### Dataset content
--- START ---

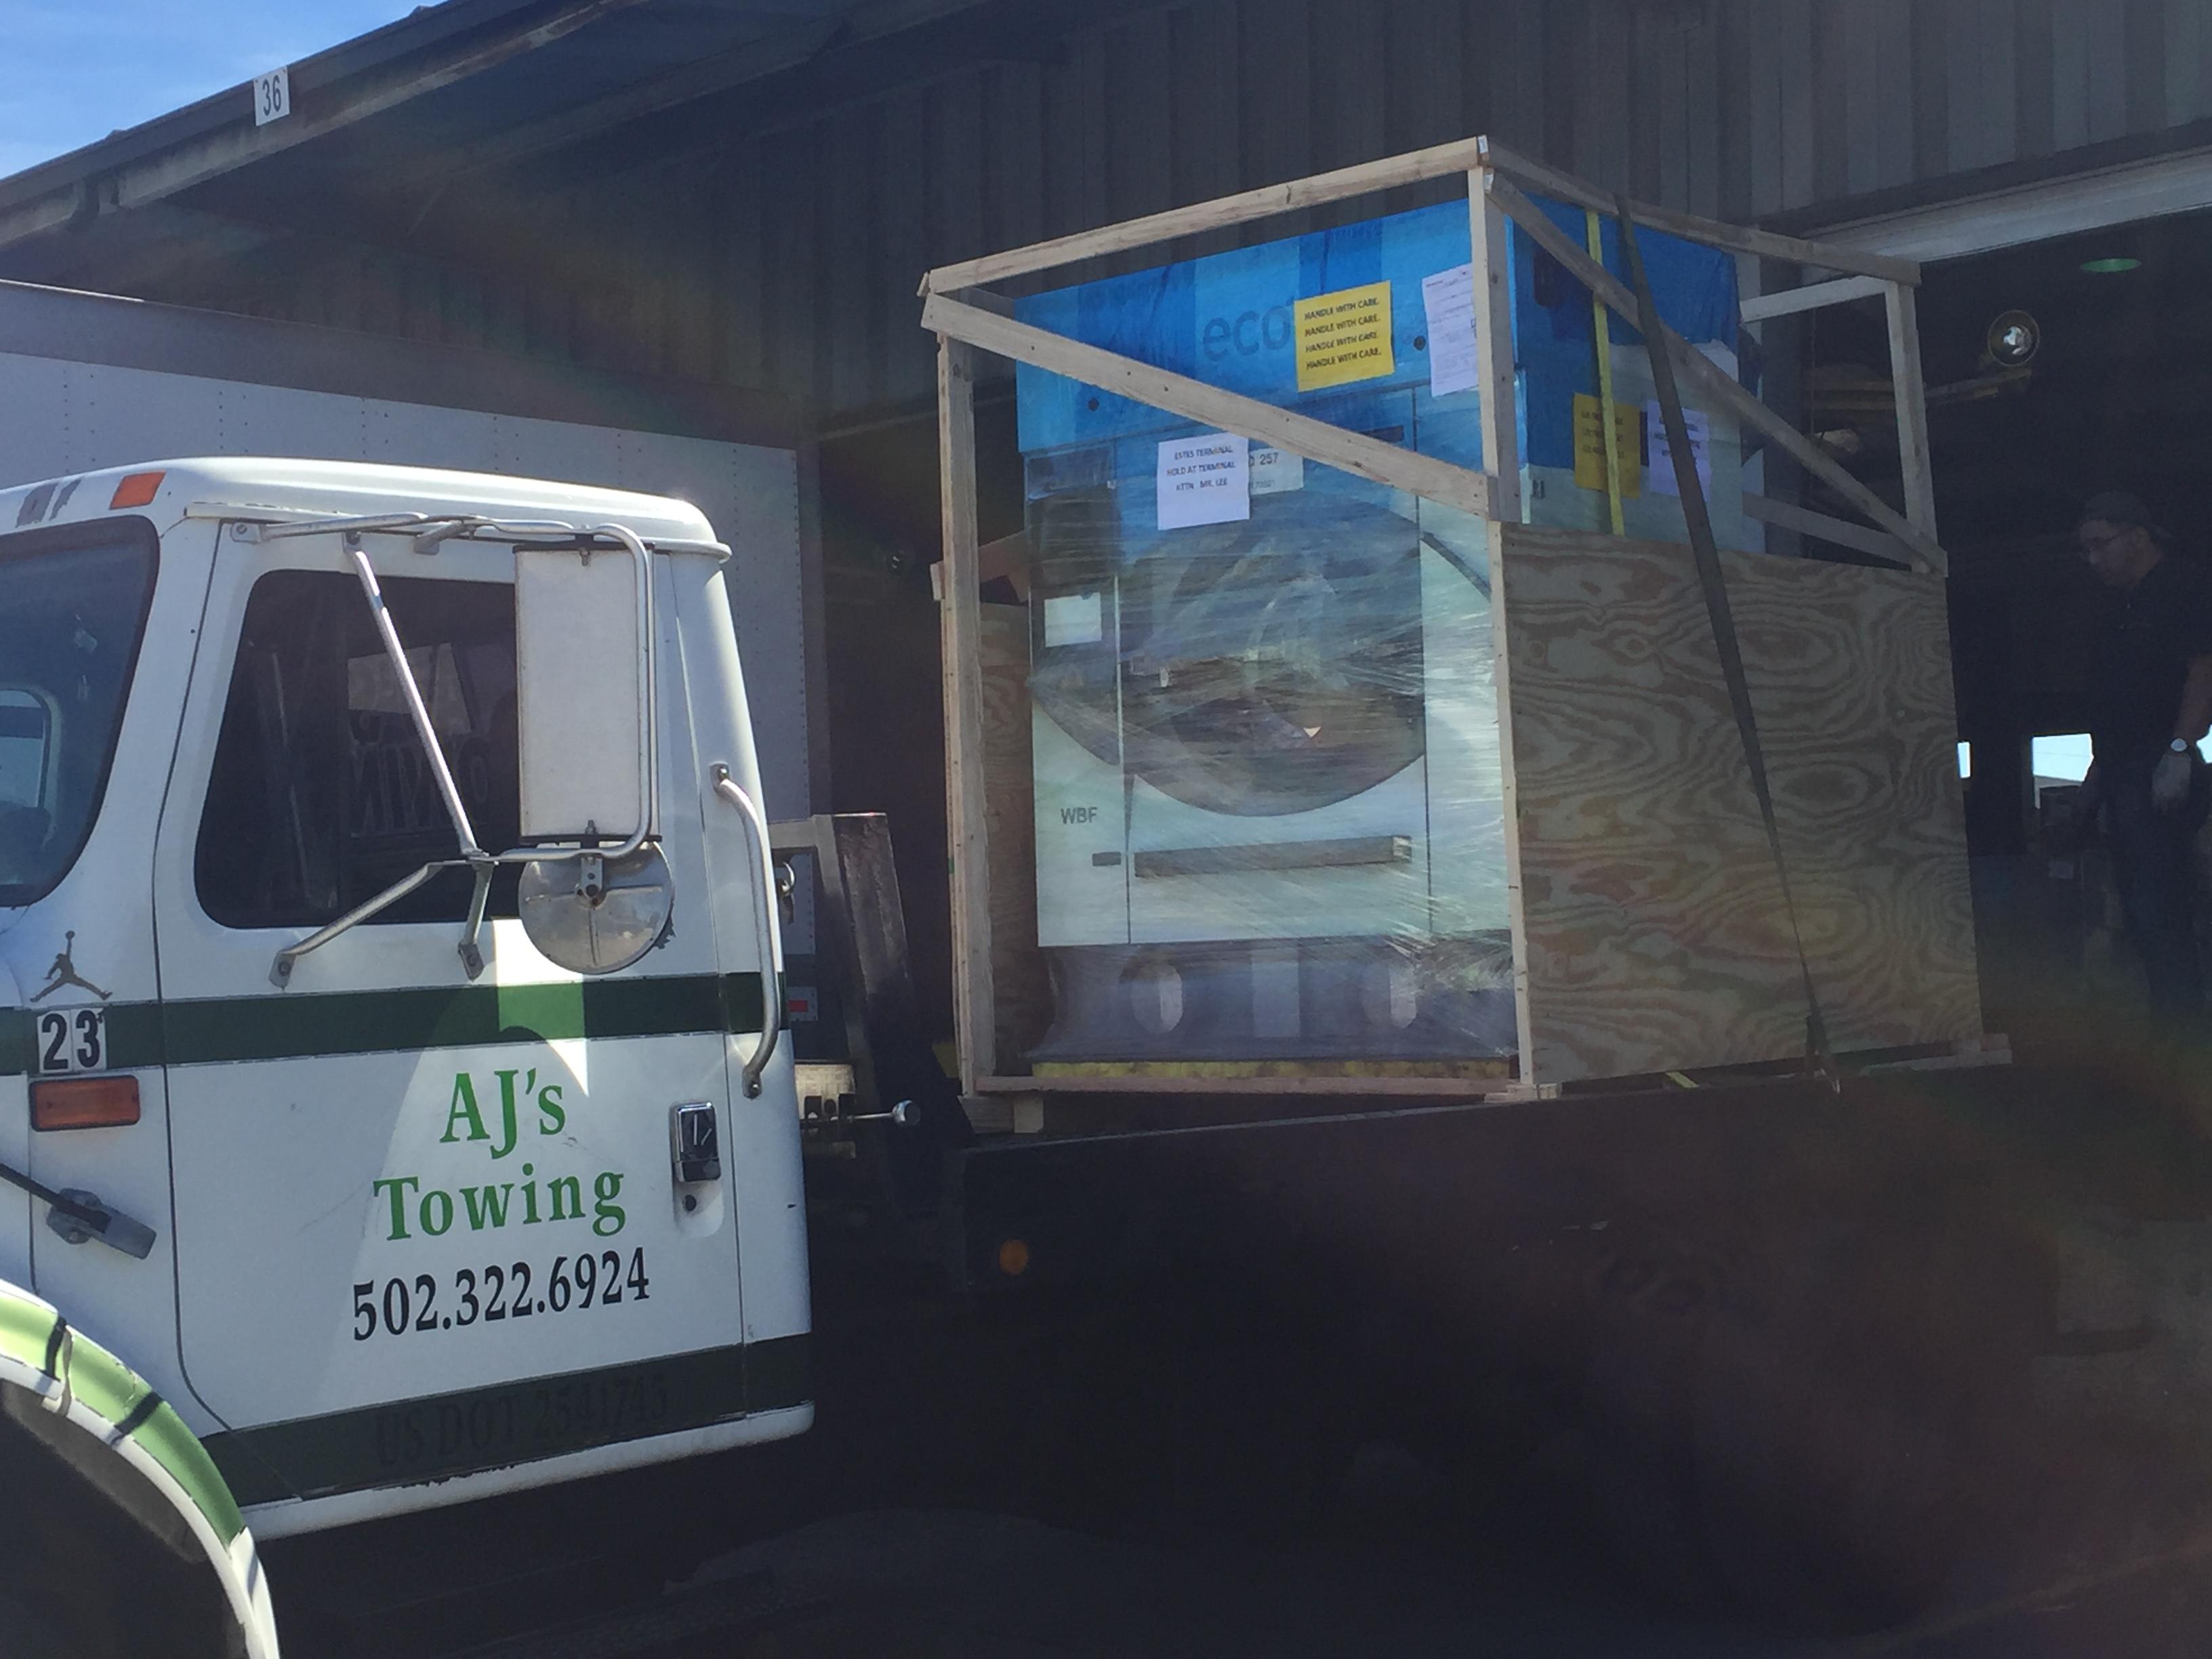 AJ's Towing Service image 27
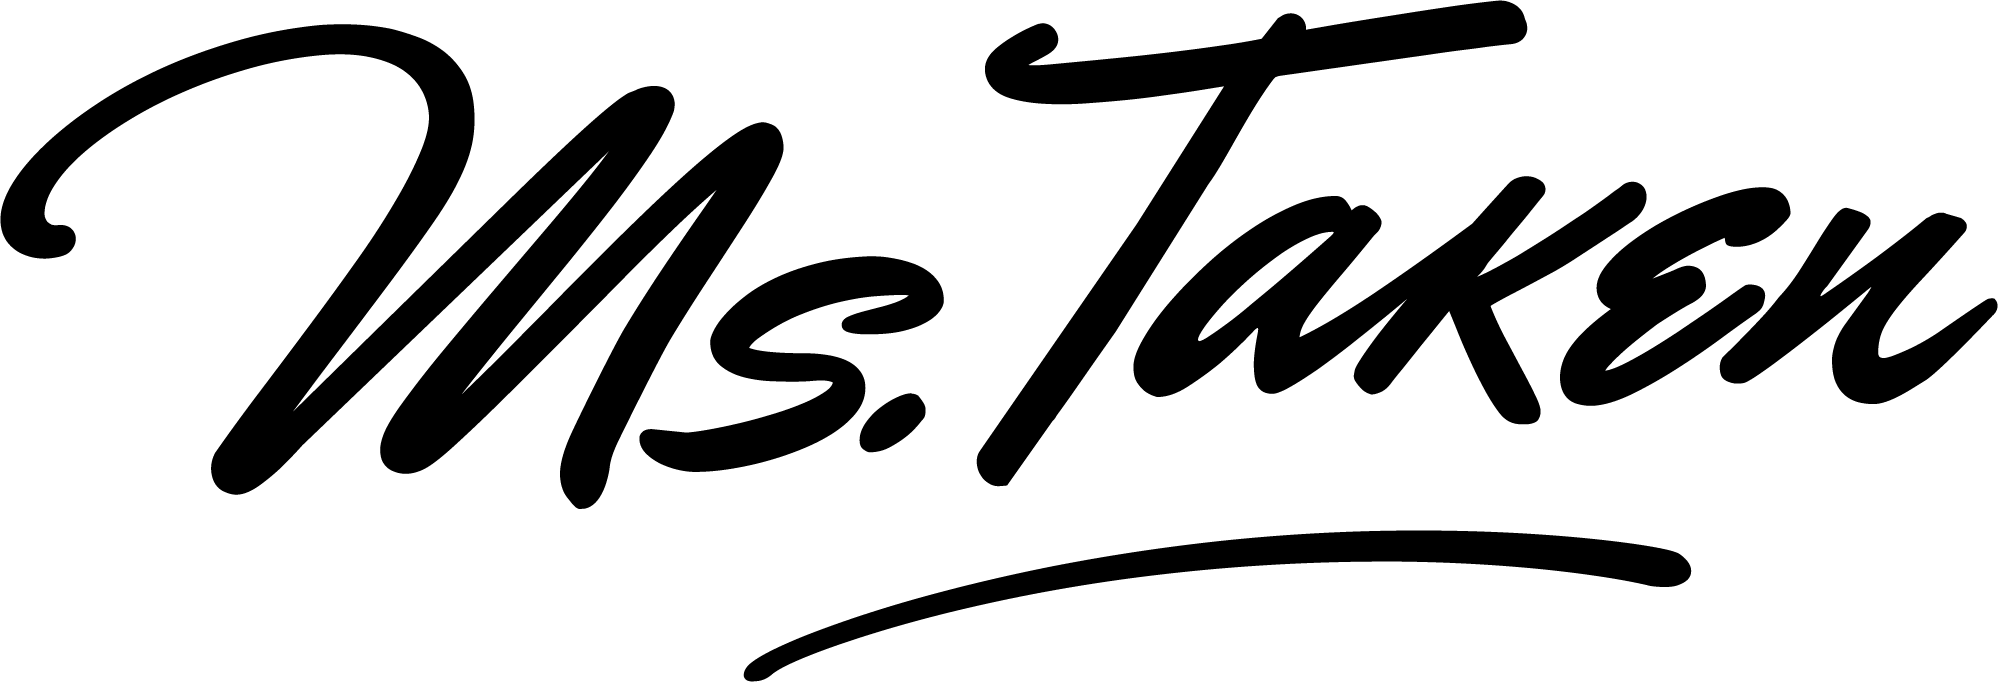 wrogn logo
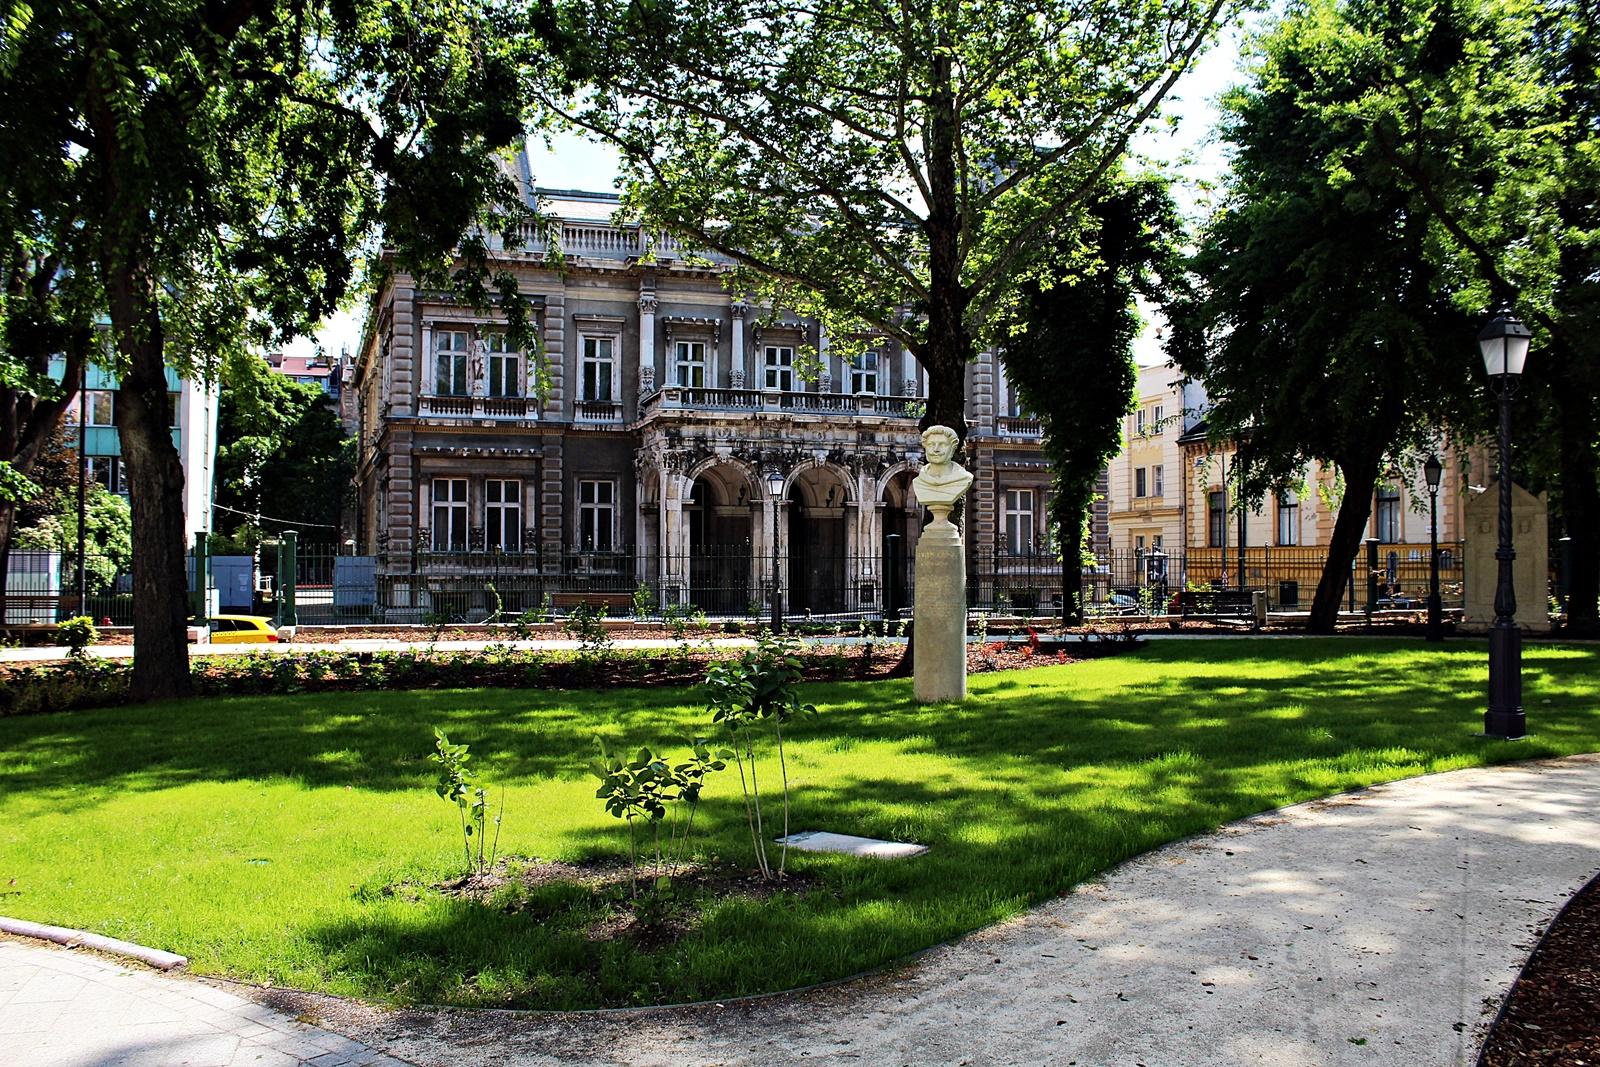 muzeumkert-budapest-nemzeti-muzeum-mysecretbudapest-1.JPG
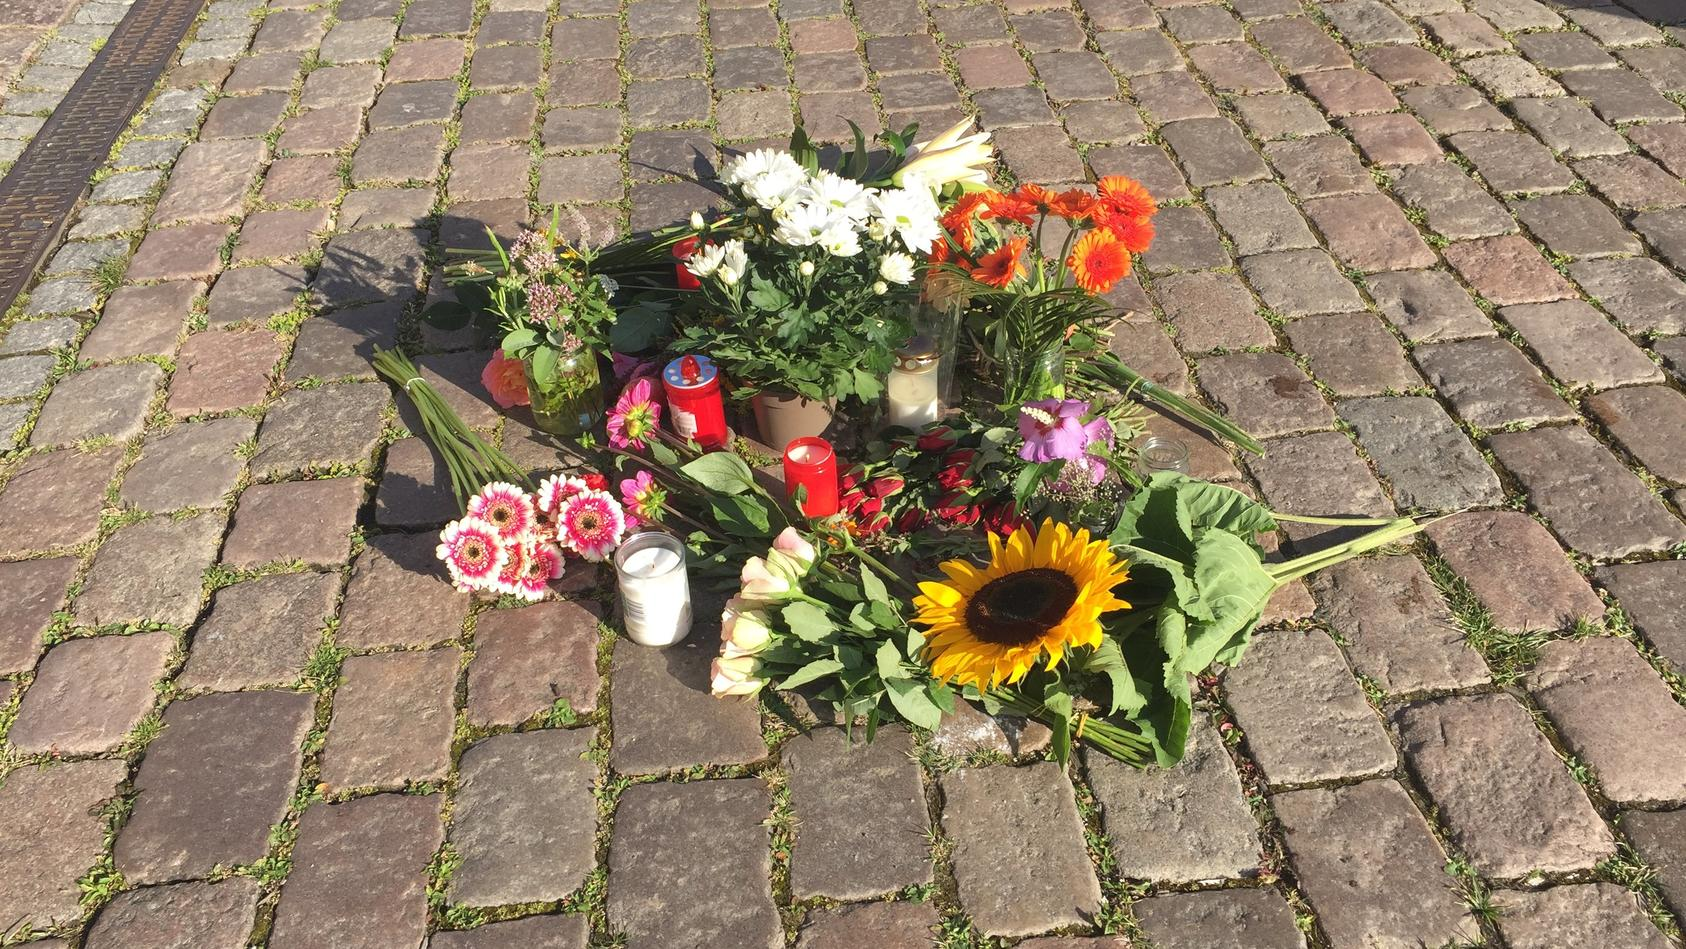 Blumen liegen am Unfallort

--- END ---

### Task prompt
Transcribe the whole listing exactly as it stands, apart from the pictures.

### Solved exercise
 AJ's Towing Service image 27
 wrogn logo
 muzeumkert-budapest-nemzeti-muzeum-mysecretbudapest-1.JPG
 Blumen liegen am Unfallort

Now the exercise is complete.